To the Editor:

It may be presumptuous of a layman to disagree with a scholar such as Chalmers Johnson [“McGovernism without McGovern: Carter in Asia,” January], but I was particularly provoked by his conclusion. . . . It seems to be the fashion these days to speak of the inexperience and amateurism of the present administration without giving any thought to the fact that this is a recurring American condition which has afflicted previous Presidents and their administrations since World War II. . . . Three of these post-World War II administrations were headed by former Vice Presidents, but this made little difference with respect to the quality of their expertise in foreign relations with Asia. . . .

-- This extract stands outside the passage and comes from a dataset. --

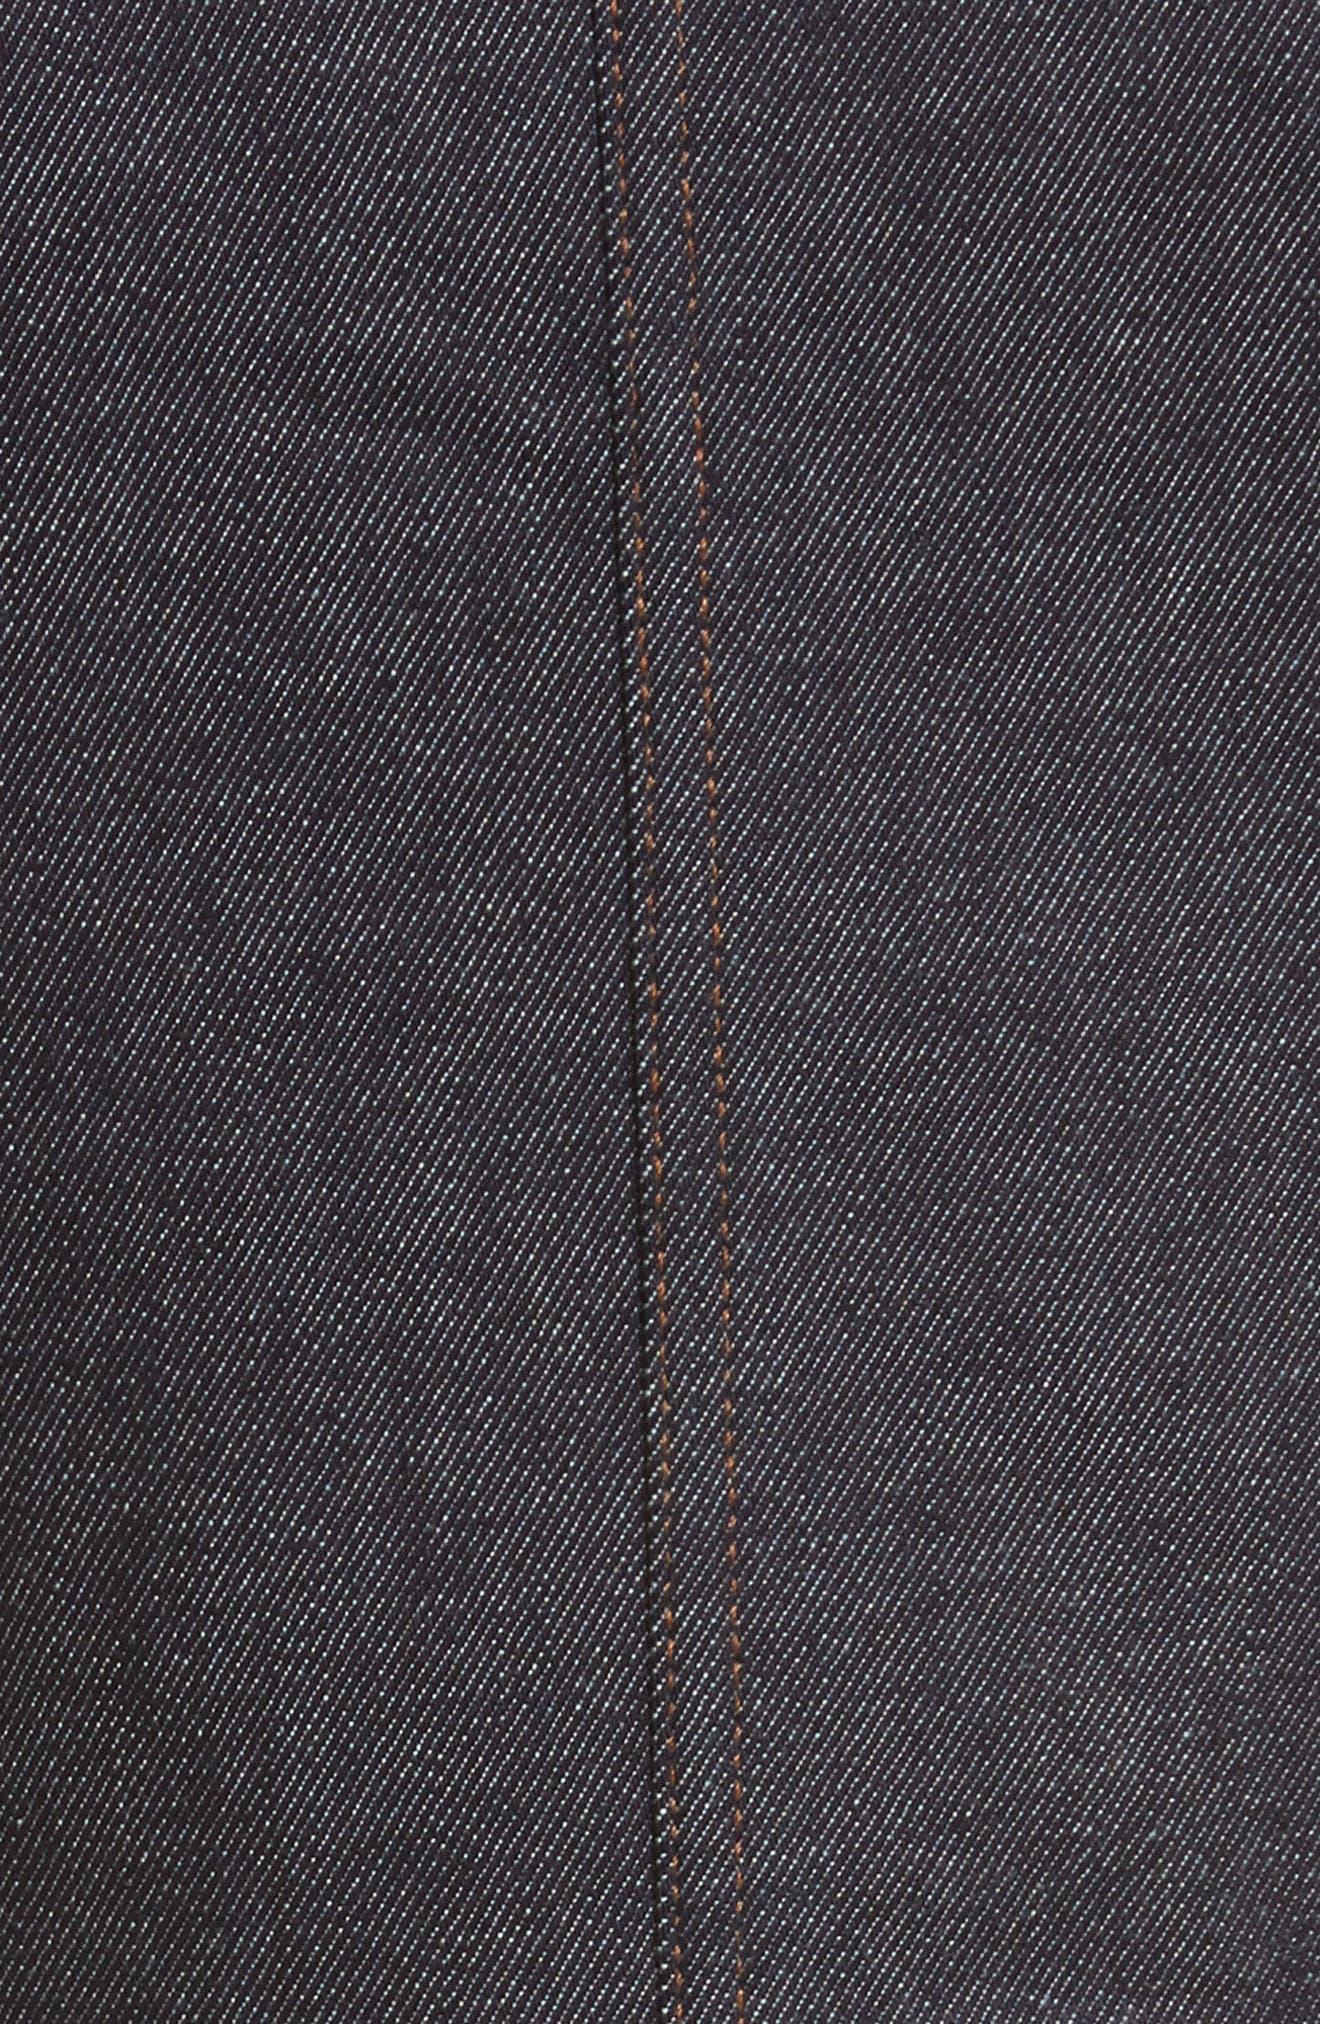 Diane von Furstenberg Front Zip Denim Dress,                             Alternate thumbnail 5, color,

For the entire duration of our involvement in Vietnam, did our policy even approach anything which could be called experienced? Was it a sign of experience when the head of our military saw “the light at the end of the tunnel”? Or when Henry Kissinger proposed, shortly before the final Saigon debacle, to pump another injection of hundreds of millions of dollars into South Vietnam’s decaying regime? Is there anyone in the United States who still believes that such a last-minute effort on our part could have changed the final outcome or markedly delayed our ignominious departure from Vietnam? Bear in mind that all this happened after we had been militarily involved in Southeast Asia for some ten years and, therefore, should have gained experience and lost our amateur standing. What about the “tilt” in favor of Pakistan? And the invasion of Cambodia, which undid the balancing act of Prince Sihanouk’s regime? Wouldn’t we love to have him back today—as irritating as he was—instead of shedding tears for the hapless Cambodians? . . .

It cannot be said too strongly that our foreign policy vis-à-vis Asia, especially under President Nixon, smacked of abysmal ignorance through and through. While present mistakes may have caused some shock and embarrassment which deserve criticism, previous mistakes have cost the lives of tens of thousands of our citizens and many more Asians. I cannot help feeling that in spite of the admitted inexperience and amateurism of the present administration, its first-year record in Asia has not been worse, and has probably been better, than the record of all its predecessors since World War II. . . .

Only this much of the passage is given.